# Work to complete
When the string "with" occurs in a line of the listing below, return that line.

___ Data excerpts

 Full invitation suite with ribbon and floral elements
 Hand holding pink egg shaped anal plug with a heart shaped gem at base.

______
___ Data excerpts

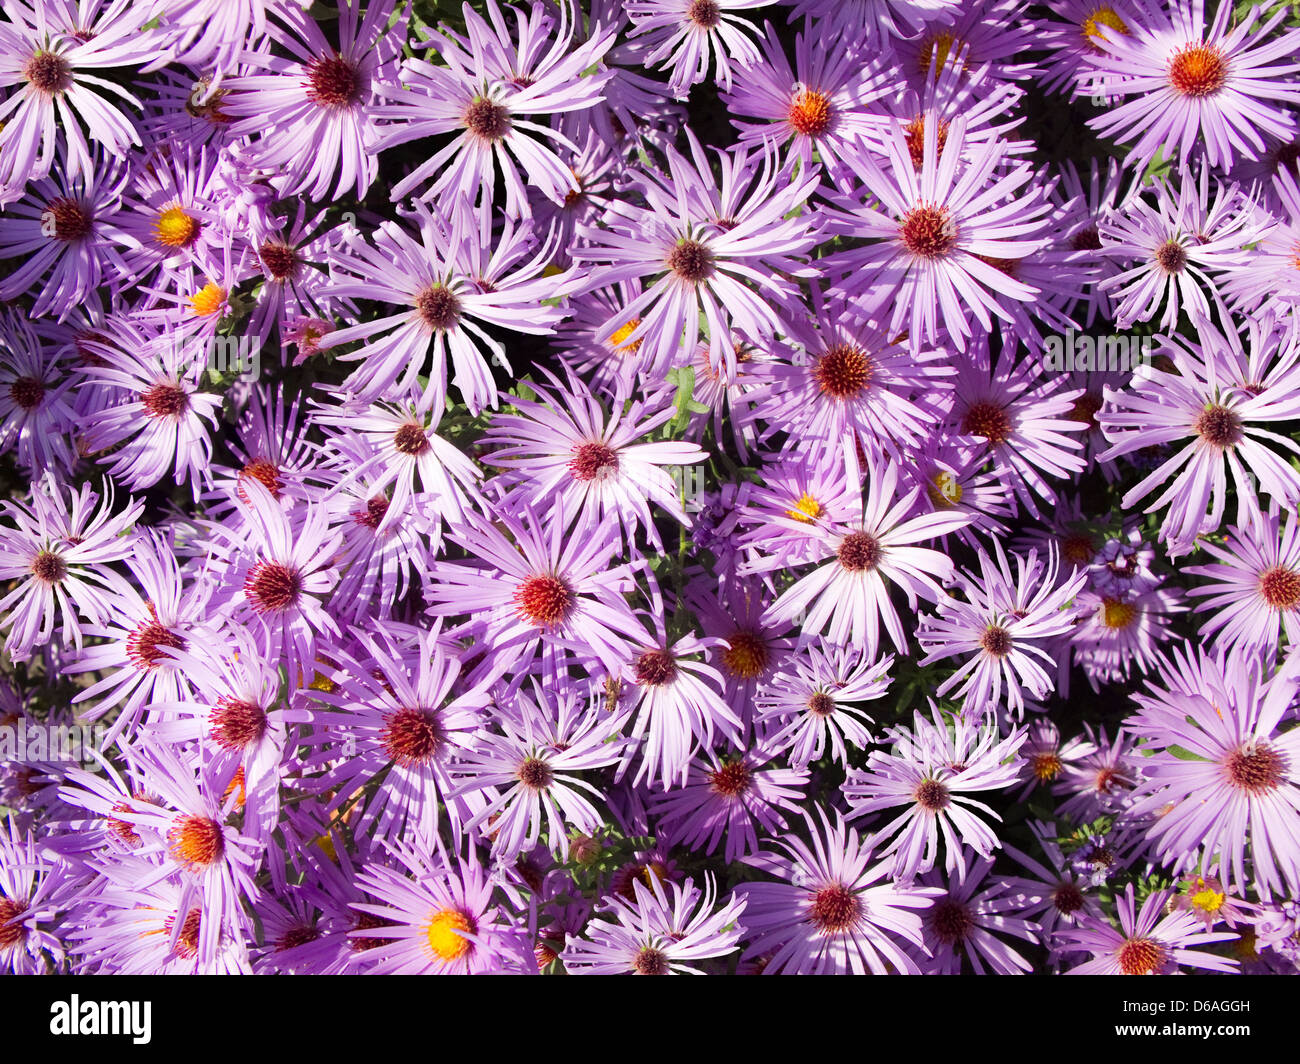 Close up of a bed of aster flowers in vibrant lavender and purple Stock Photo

______
___ Data excerpts

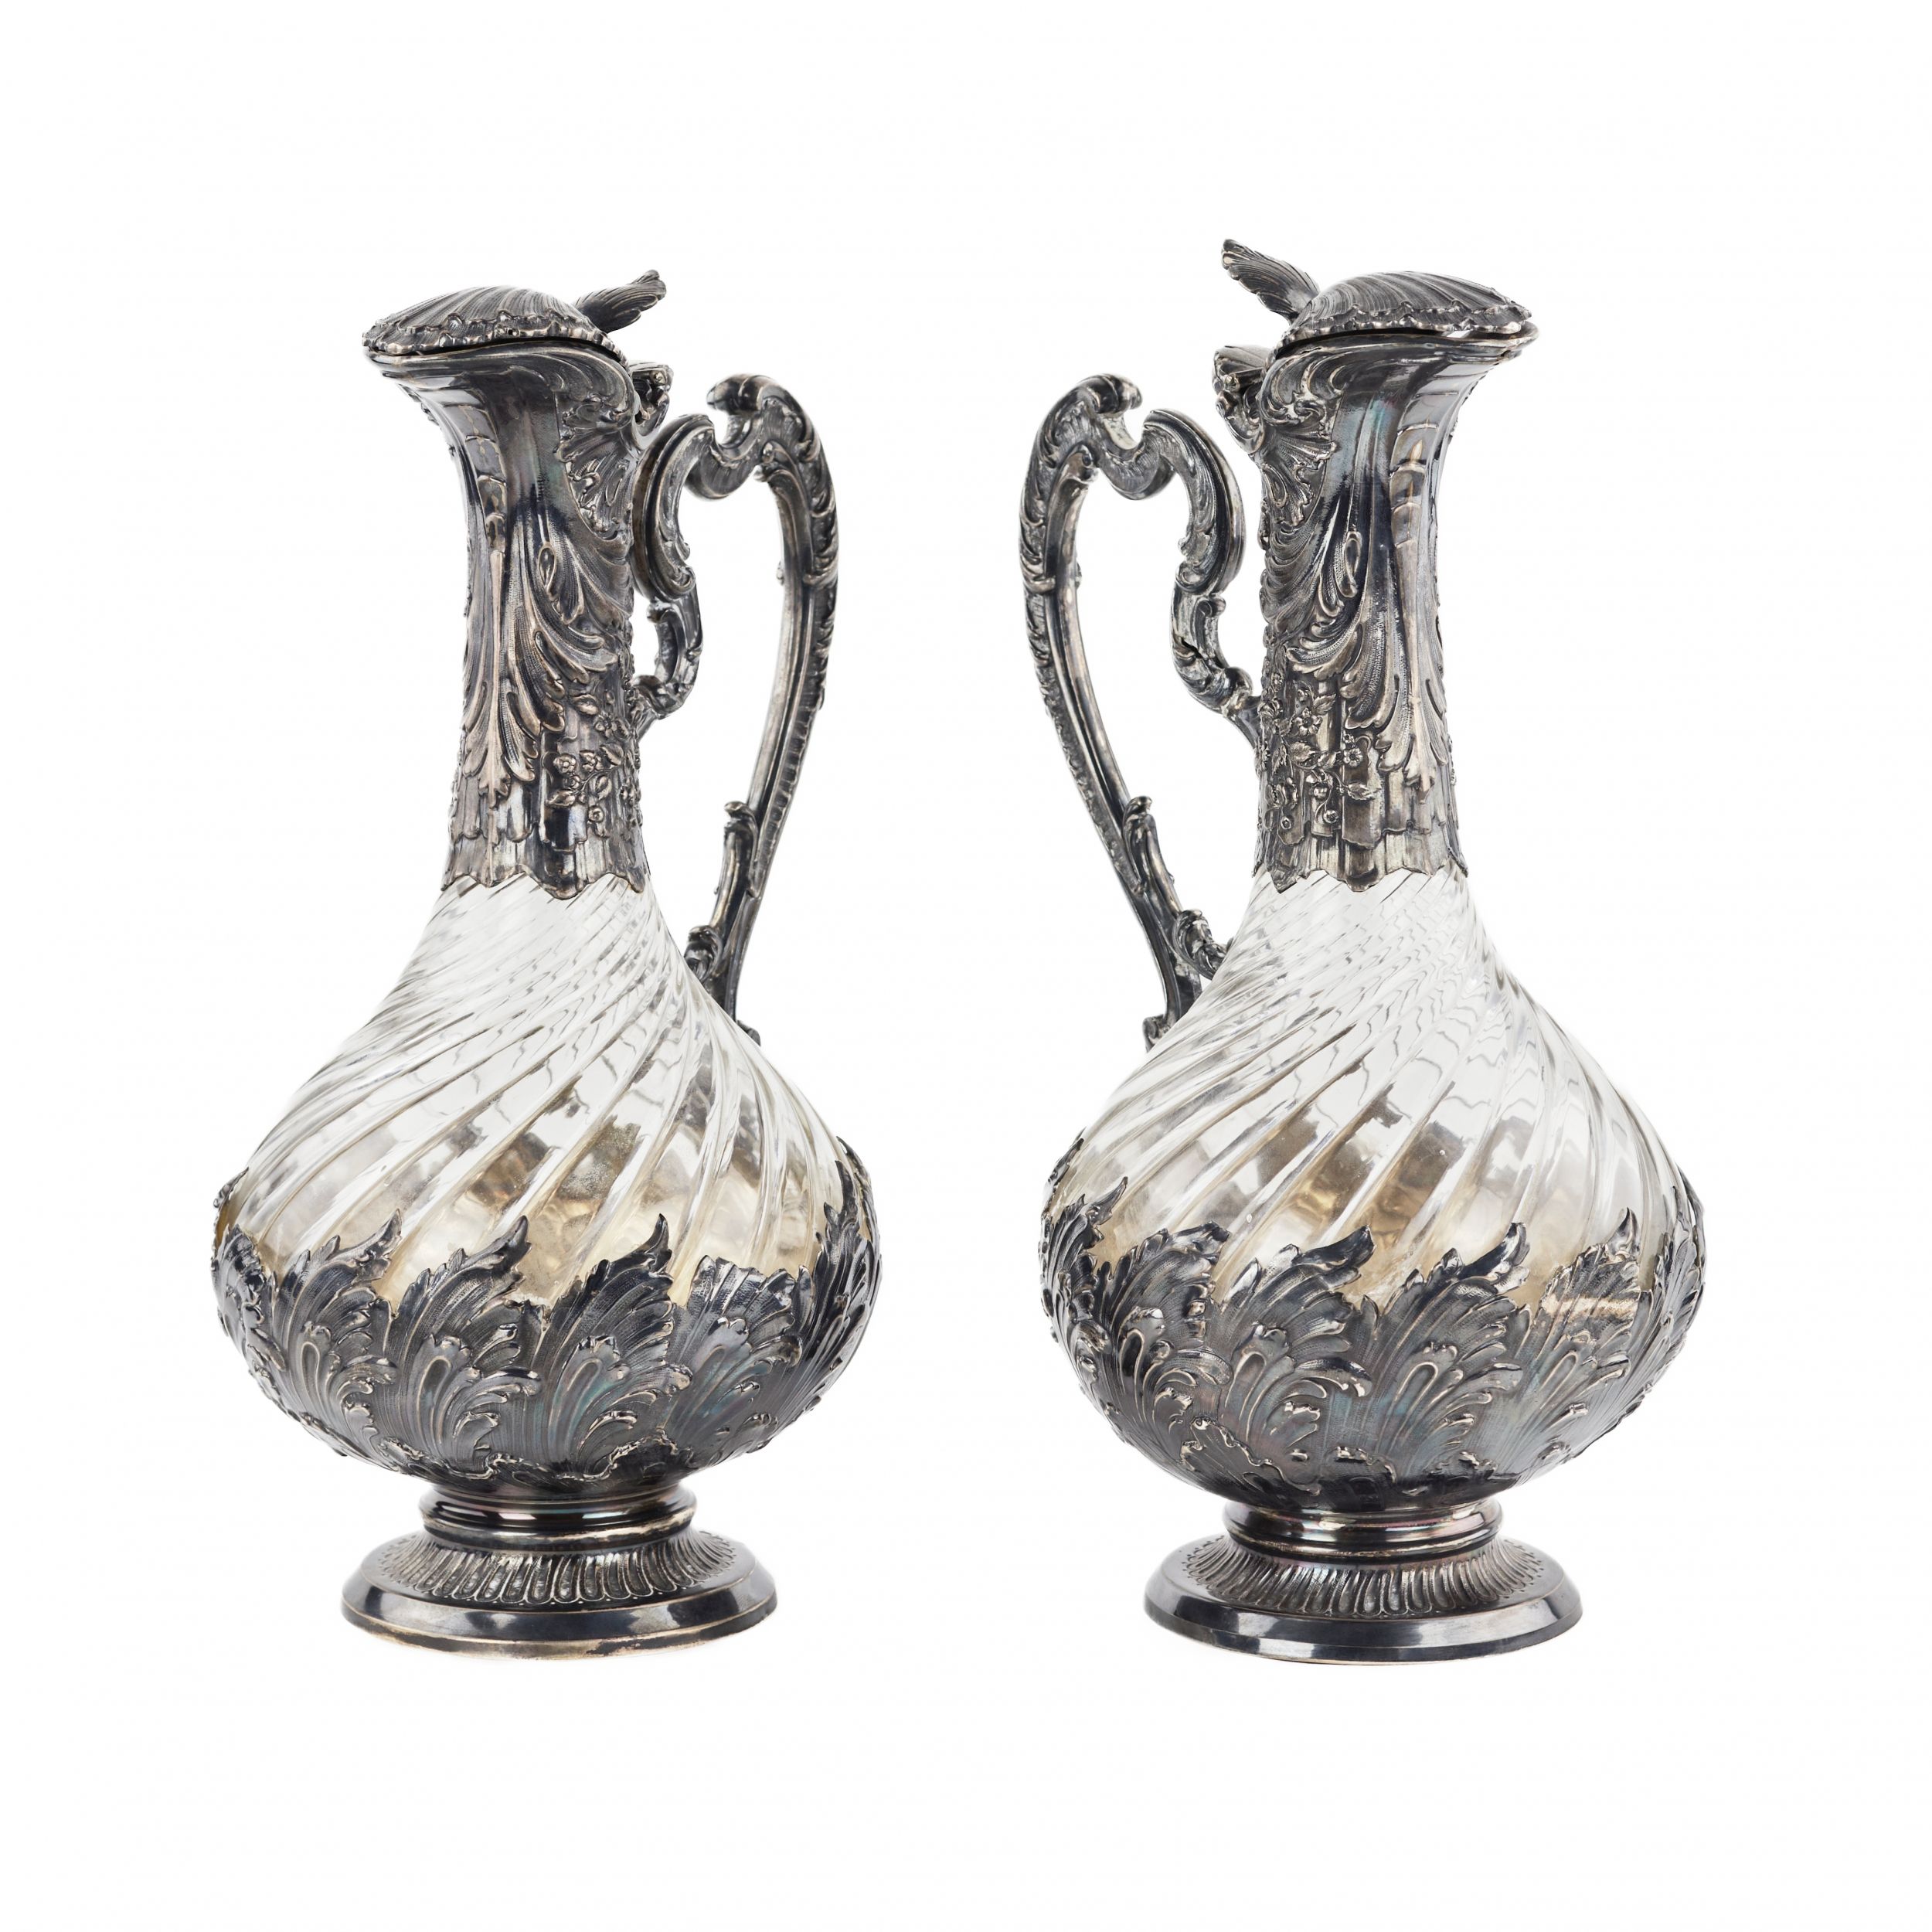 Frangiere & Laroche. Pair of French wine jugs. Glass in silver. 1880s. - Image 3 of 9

______

# Solution to the exercise
 Full invitation suite with ribbon and floral elements
 Hand holding pink egg shaped anal plug with a heart shaped gem at base.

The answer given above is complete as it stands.